Monthly Archives: September 2013

Assembly and disassembly of magnetic mobile micro-robots towards deterministic 2-D reconfigurable micro-systems

Authors: Eric Diller, Chytra Pawashe, Steven Floyd, and Metin Sitti.

Source: The International Journal of Robotics Research.

Overall Review:

In this paper, a novel set of permanent magnet modules that are under 1mm in all dimensions is proposed to use in a reconfigurable micro-system. They are capable of locomoting on a 2-D surface. Multiple modules are controlled by using an electrostatic anchoring surface. Both assembling and disassembling are discussed and demonstrated in this paper.

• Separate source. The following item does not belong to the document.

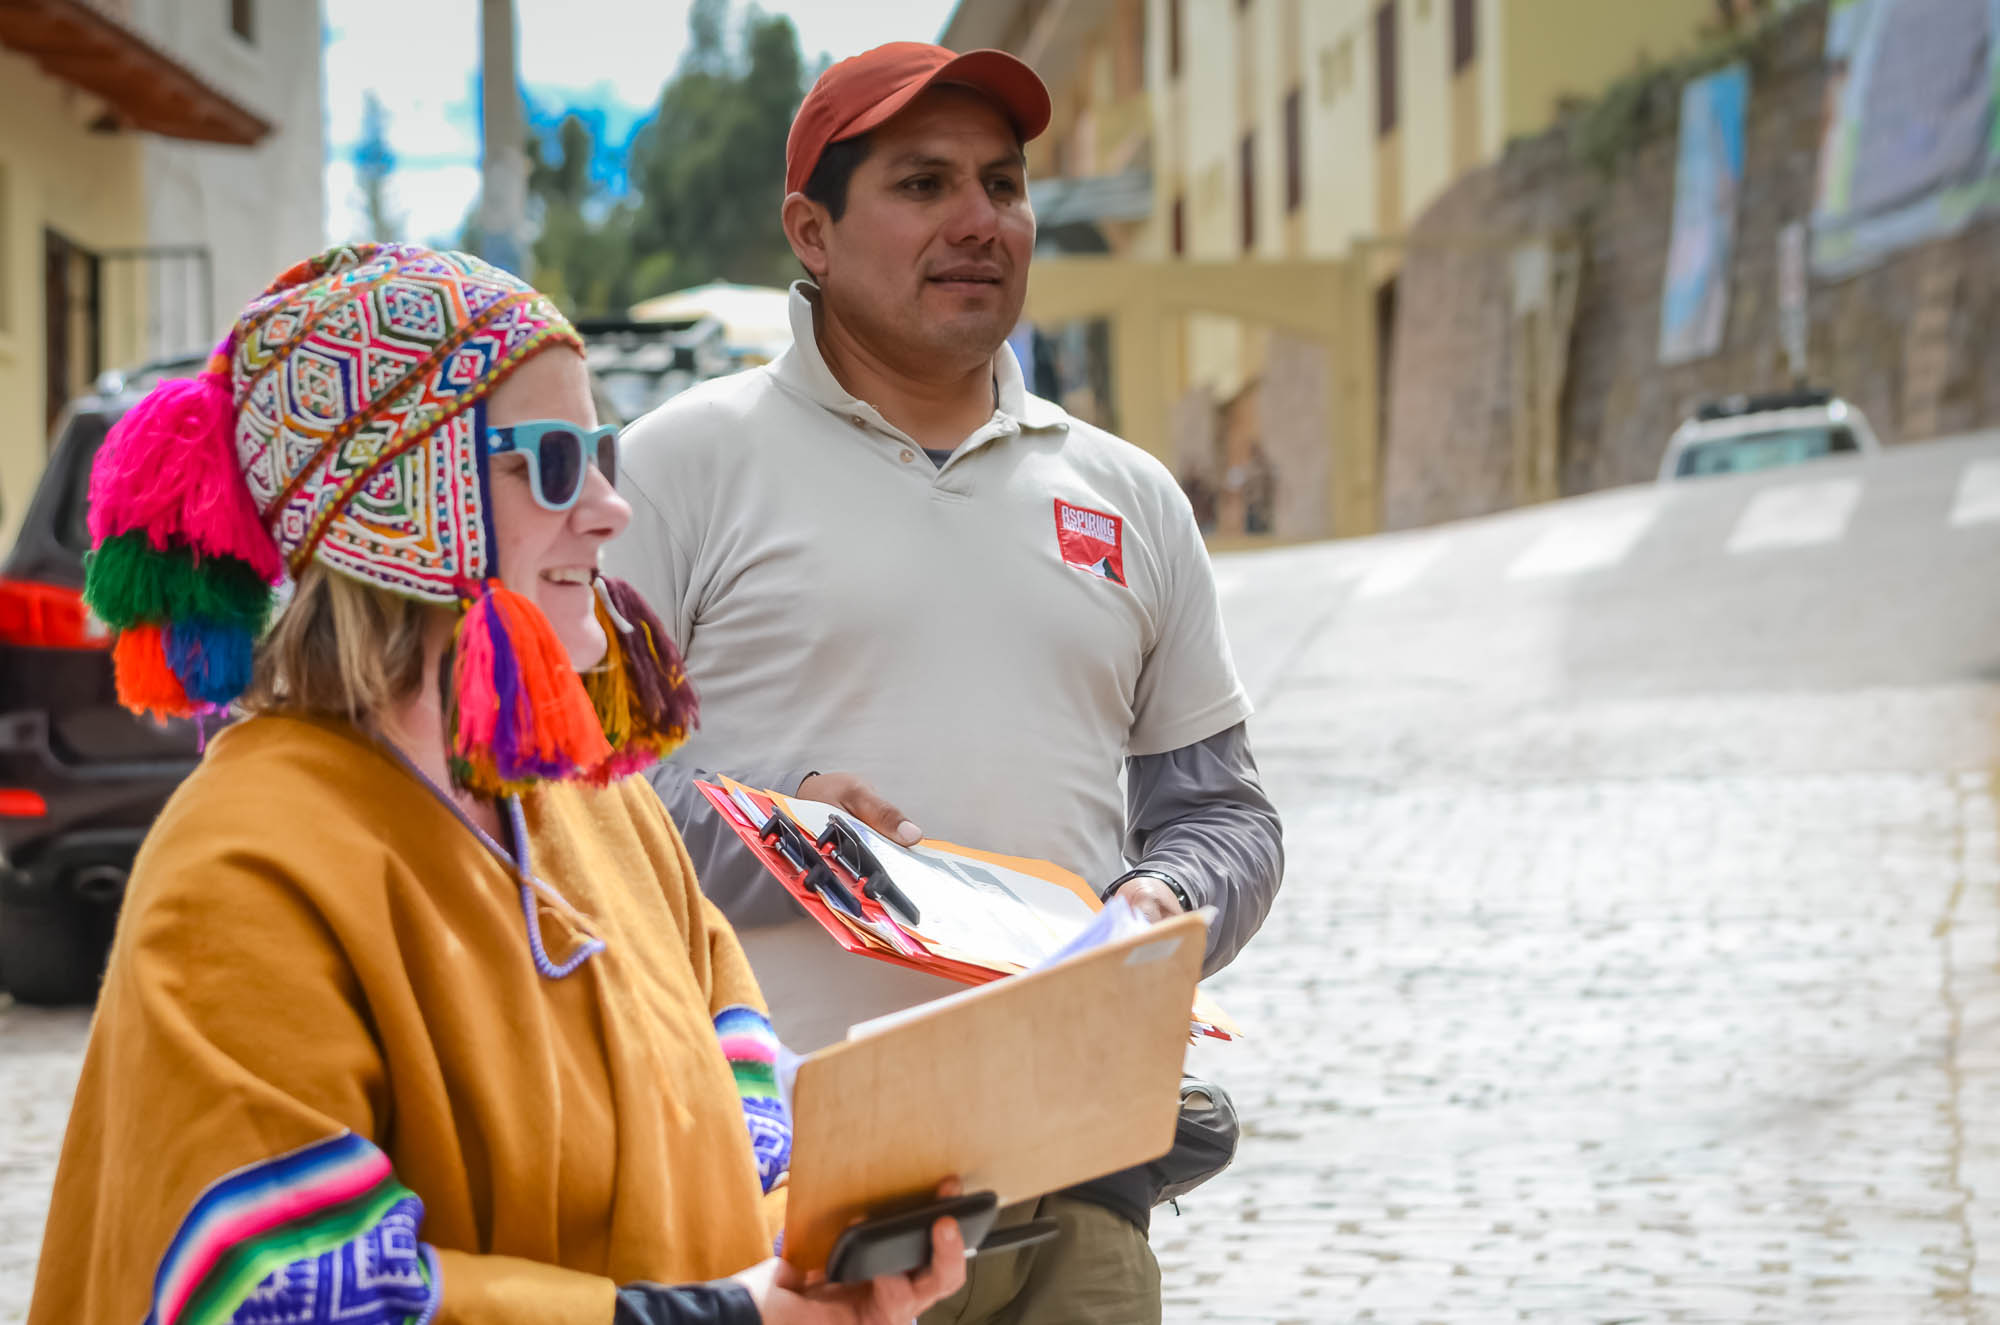 Co-founder Katy Shorthouse and guide Aldo Sanchez managing one of our private Peru tours
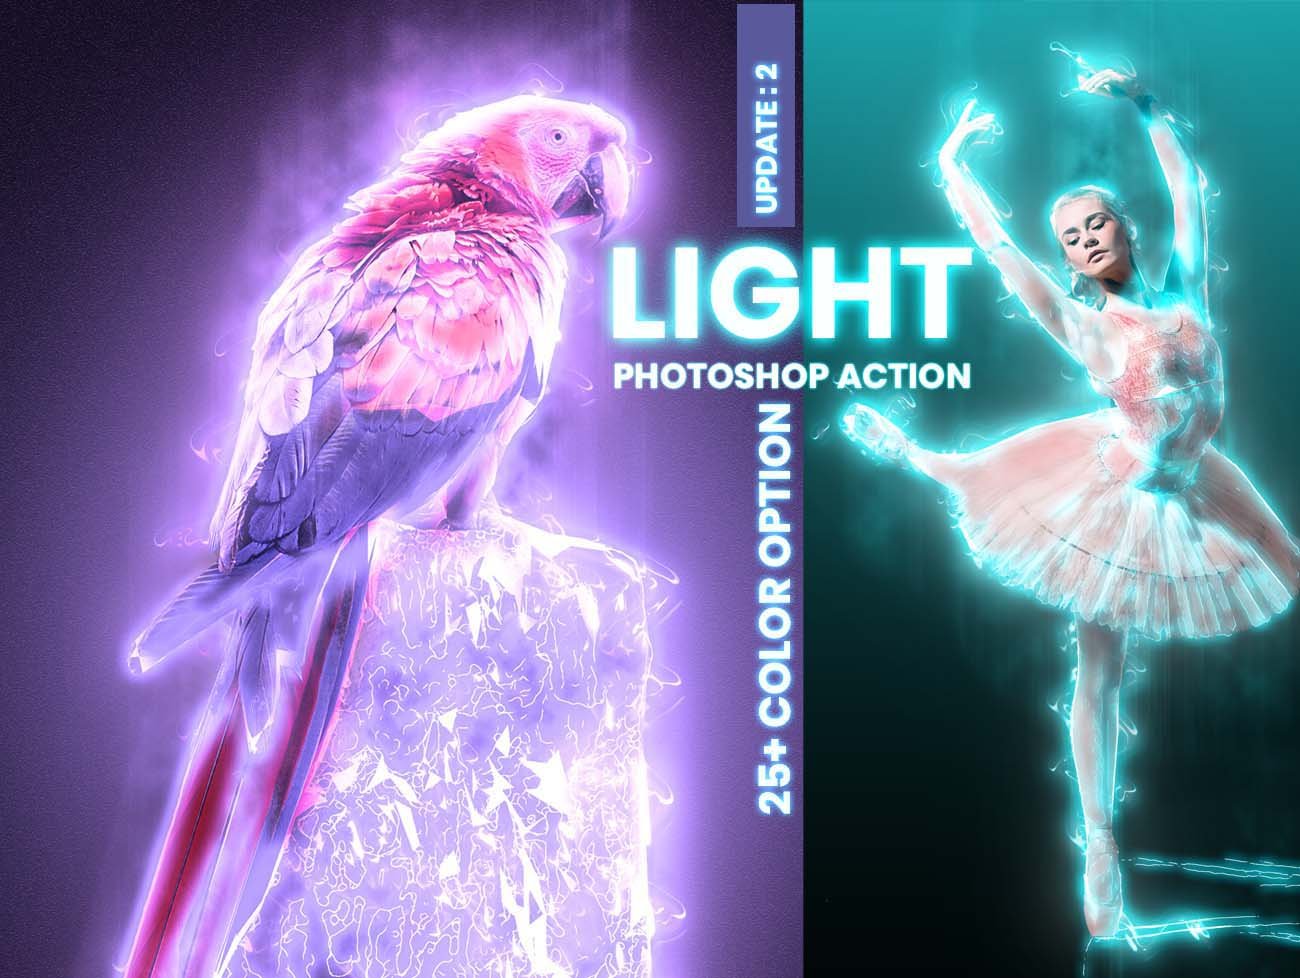 Light Photoshop Actioncover image.

In this paper, two kinds of micro robots are employed: shell-less robots, and shell-based robots.

Questions:

1. In Section 5.2, “On a polyurethane surface, it is clear that the shell-less Mag-uMods, which contact the surface with MPIP, are exhibiting higher friction coefficients than the shell-based Mag-uMods, which contact the surface with its ALIP shell. This difference would indicate that the polyurethane that binds the metallic powders in ALIP and MPIP is not the exposed material.” What is the meaning of the last sentence? What is the “exposed material”? Why the results imply that the polyurethane is not the “exposed material”?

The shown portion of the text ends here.